Signs of Recovery Are Budding

WESTERN. Water is a variable, but human resources are aplenty out West. From region to region across the country, recession appears to be ebbing. After a long decline, housing and manufacturing seem to be strengthening. But state budget woes will likely slow the upward trend.

CALIFORNIA went into recession later than the rest of the nation, fell harder, faster, and is coming out more slowly. But by the end of this year, recovery should be in full swing, and by mid-1992, the state should be leading the country in many key indicators: employment, housing starts, retail sales, manufacturing.

"We were like a car going 90 m.p.h. while everyone else was going 50," says Joel Kotkin, senior fellow for Denver's Center for the New West. "When everything slowed to 40, it took us more time to adjust and hit the brakes. But all the fuel that kept us at that speed - population, diversity, youth - is still here for the 1990s."

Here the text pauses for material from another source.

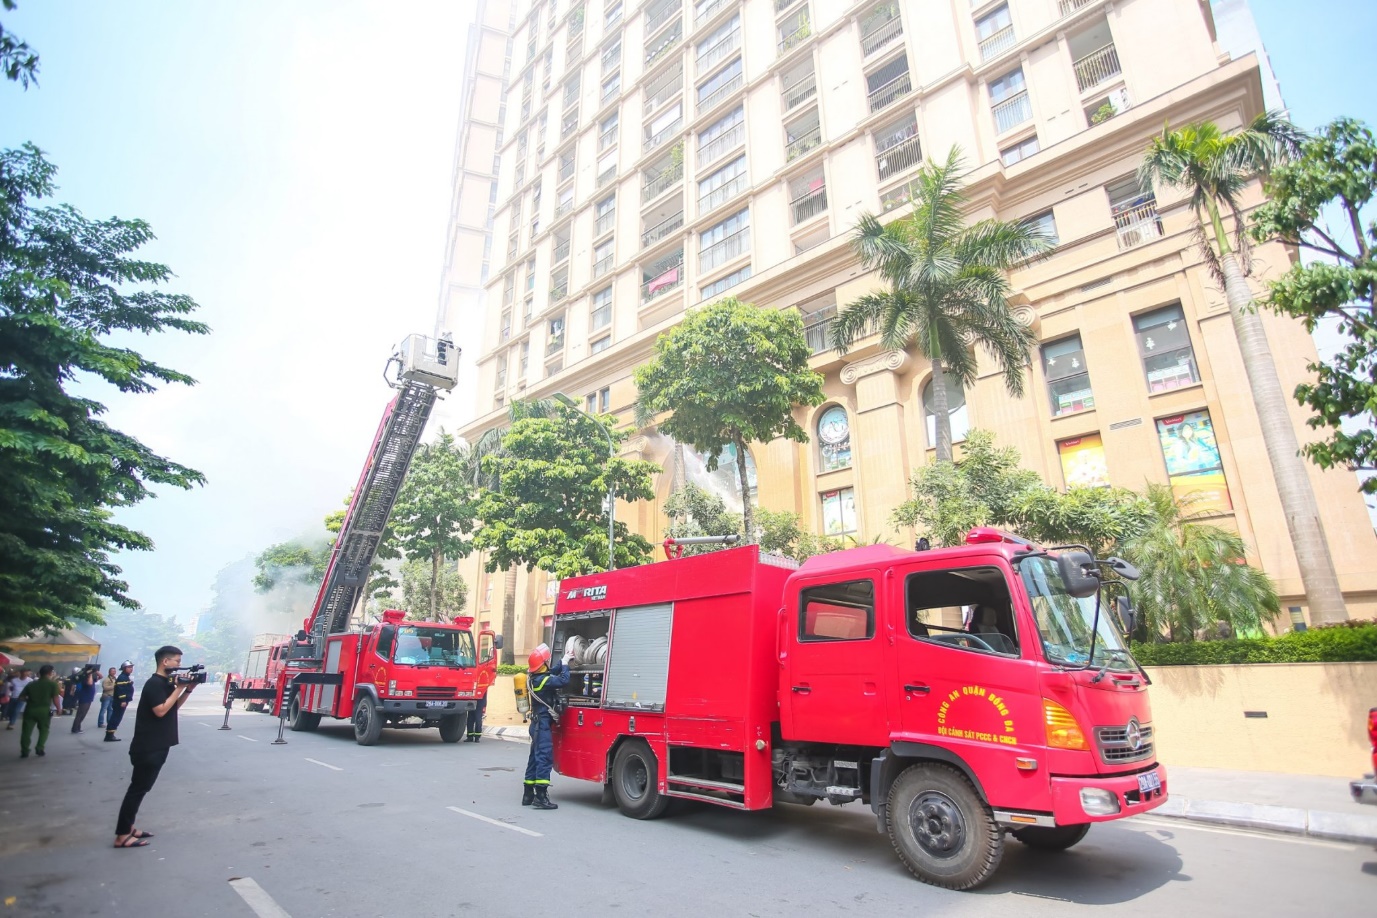 Trước tình hình trên, lượng cảnh sát PCCC&CNCH đã ngay lập tức huy động 3 xe chữa cháy, 2 xe cứu nạn, 1 xe thang và máy bơm chữa cháy bơm nước trực tiếp từ hồ Hoàng Cầu đến chữa cháy và cứu hộ cư dân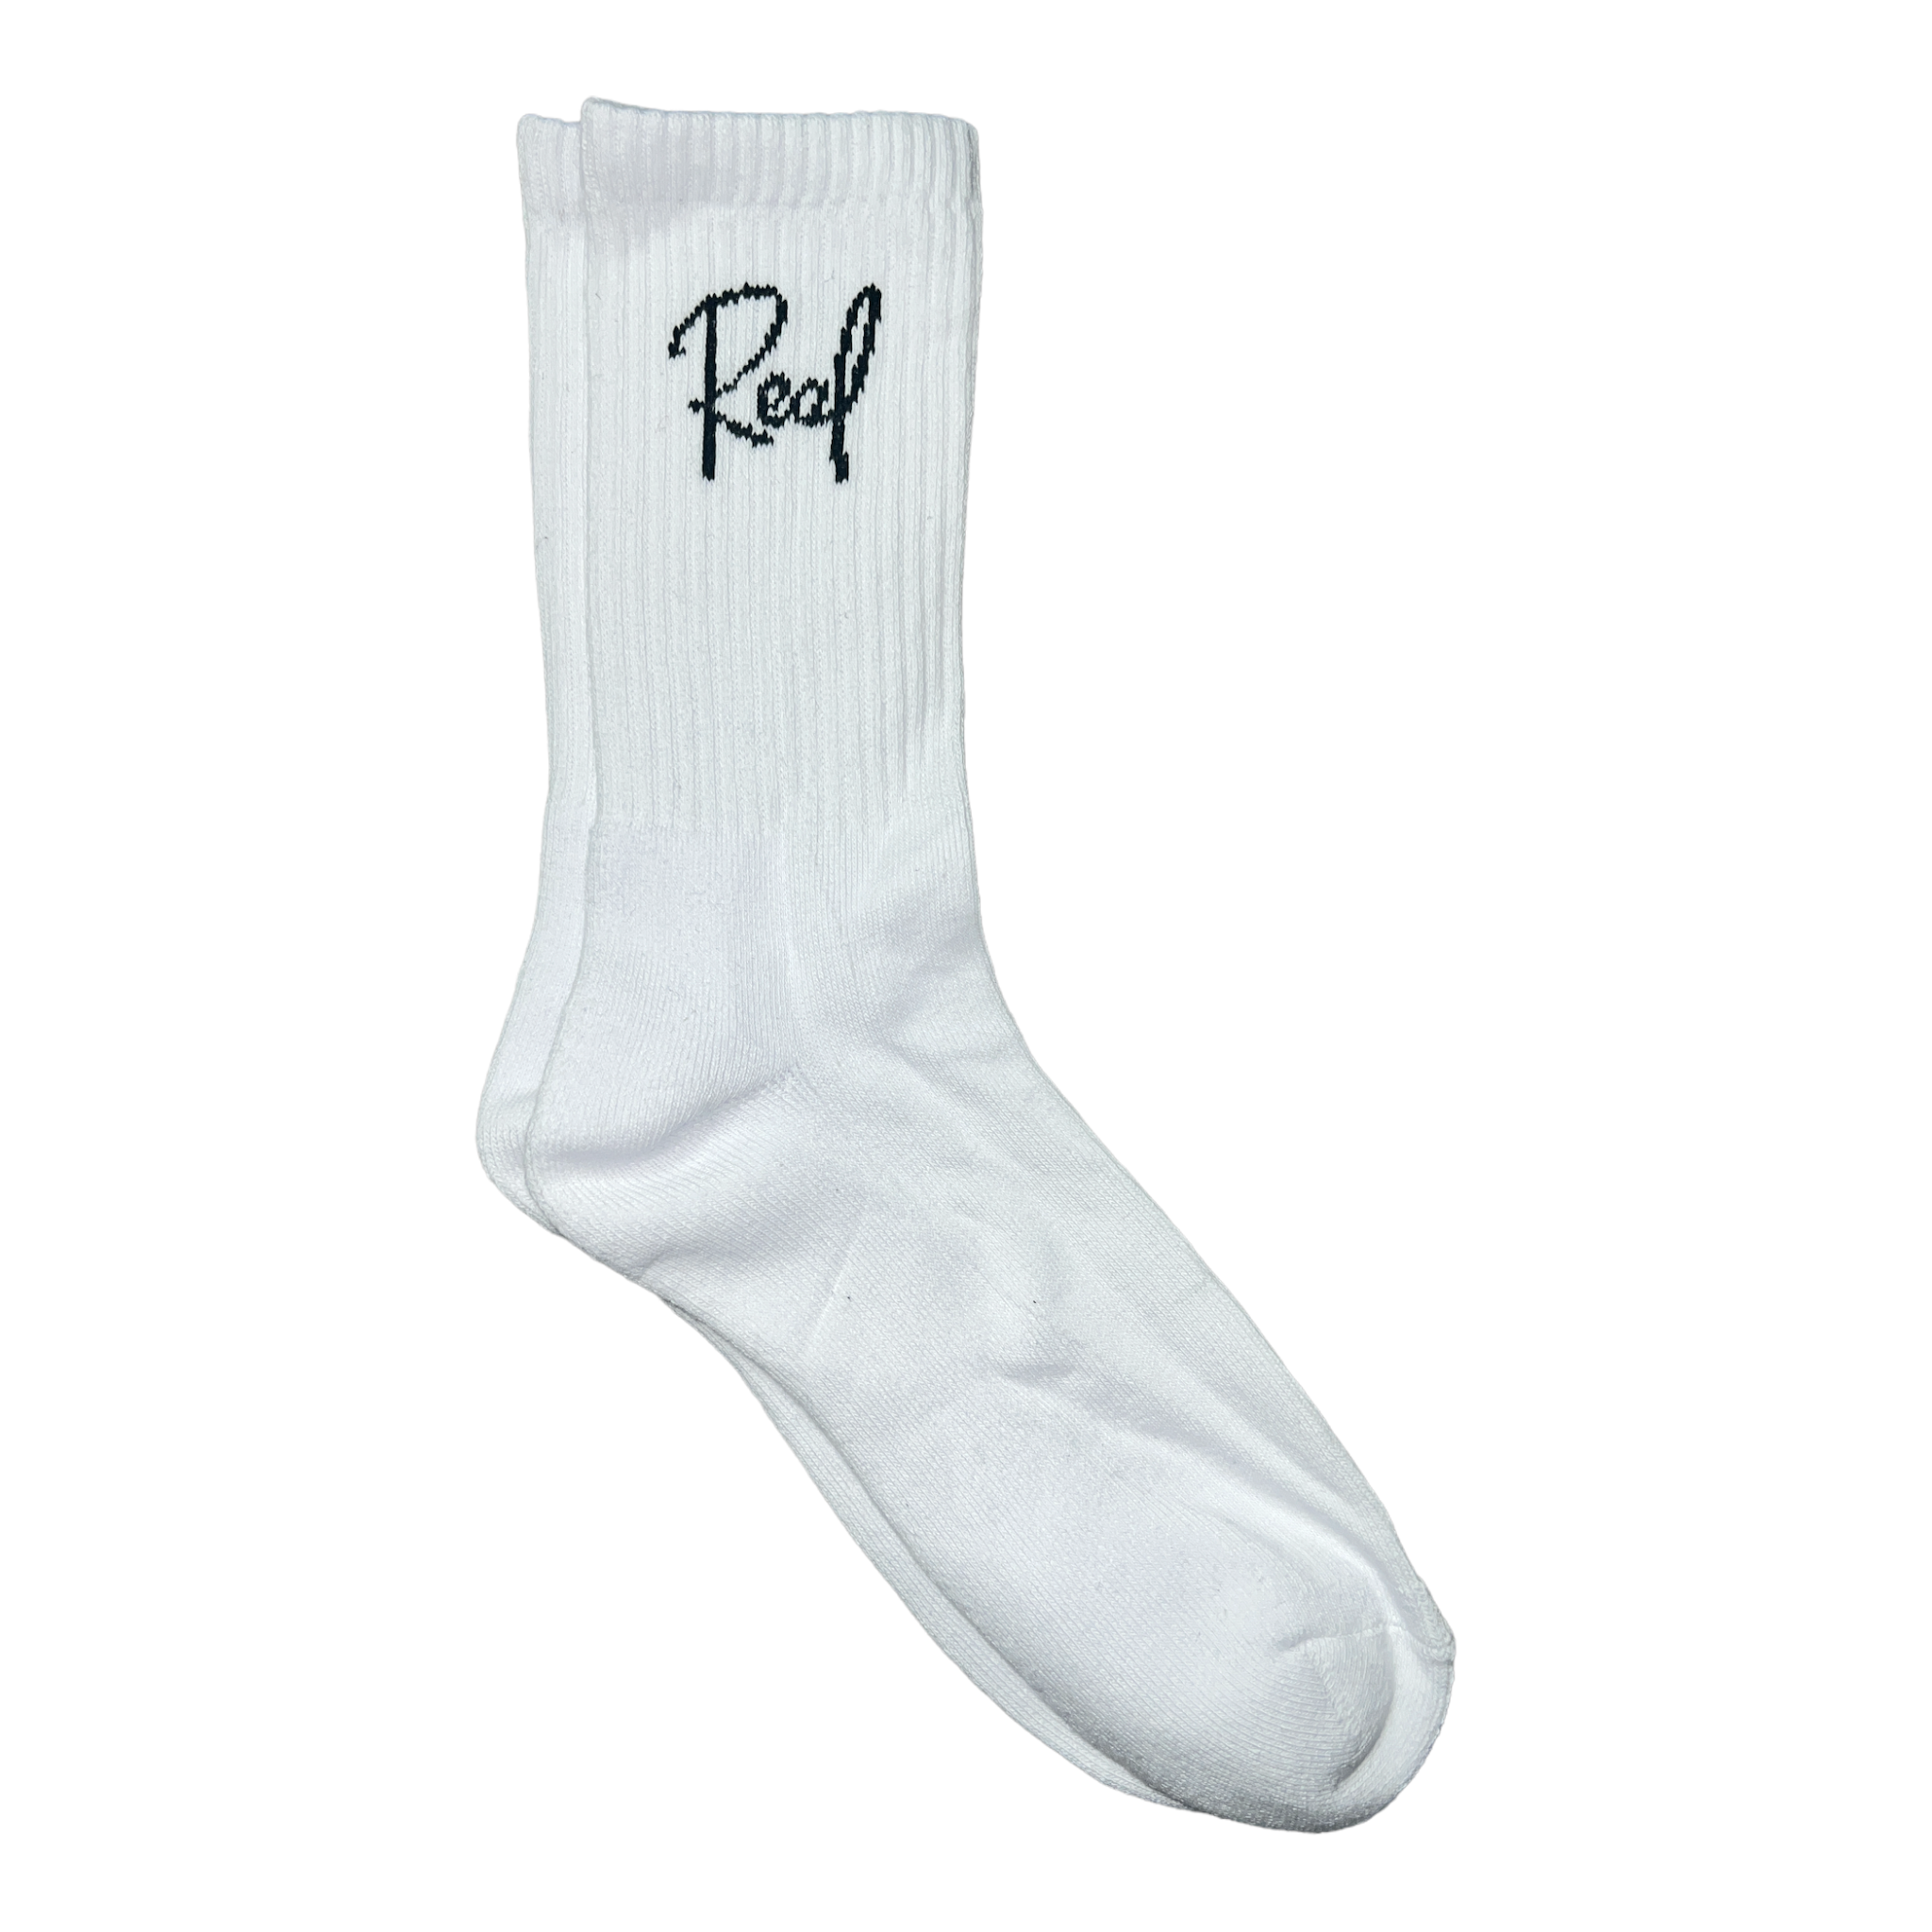 REAL Premium Socks

The inter-mountain West, hard hit by the resource depression of the 1980s which dropped oil, coal, and commodity prices, is in the best shape in a decade.

Inland California - Sacramento, Stockton, Fresno, Bakersfield, San Bernardino - is in far better straits than coastal cities, hard hit by aerospace/defense layoffs, manufacturing flight, and housing stalls.

State economic forecasters say predictions are murkier than in past recessions for lack of clear impacts on the continuing drought, long-term effects of a winter freeze, and the nation's worst budget deficit ($14.3 billion until June 1992) that has yet to be tackled by the Legislature in Sacramento.

The state Senate approved a fiscal package that would cut welfare grants by 4.4 percent and would repeal automatic cost-of-living adjustments to welfare recipients. The $55 billion budget, which is now being considered by the state Assembly, also calls for about $7 billion in new sales and luxury taxes.

The state Legislature will also be considering employee furloughs, wage freezes, and pension-plan changes to cut costs.

"Balancing [the deficit] will come through a combination of fewer services, sales or income taxes, and furloughs or layoffs of in state and local government employees," says Joseph Wahed, senior economist at Wells Fargo Bank. "All of these will slow recovery."

Mr. Wahed sees an agricultural economy adapting so well to both drought and freeze that farm income will increase significantly over last year, despite dire, earlier predictions.

"California farmers are showing themselves to be extremely adaptable in shifting out of troubled crops to new ones," he says.

David Hensley, who heads the Business Forecasting Project at the University of California at Los Angeles, says May figures for housing starts and sales, industrial production, and retail sales are up slightly over April, the first widely based, positive indicators in months.

"None is significant by itself, but in aggregate they weigh in as important," Mr. Hensley says.

The variable is water. The image of drought projected elsewhere may significantly hurt California tourism, Hensley says. And the housing recovery is being slowed by delays or moratoriums in building permits over restricted use of water. "That could be the big issue of next year," he says.

The other hurdle is purse strings on construction. While some banks have gotten out of real estate altogether to deal with problem loans in other sectors, the national bond market has prematurely decided the nation is in recovery.

"That is very dangerous," says Wahed. "If bond rates continue to go up, we can kiss the housing recovery here goodbye."

Long term, the growth of Pacific Rim economies and the prospect of the North America Free Trade Zone highlight fundamental differences between the recessions in California and the West and New England.

New England "has been losing population during these same downturns, while California has been gaining," says Mr. Kotkin. "Down the line, this loss makes each recovery a little slower, a little flatter. The long-term strength still favors the West."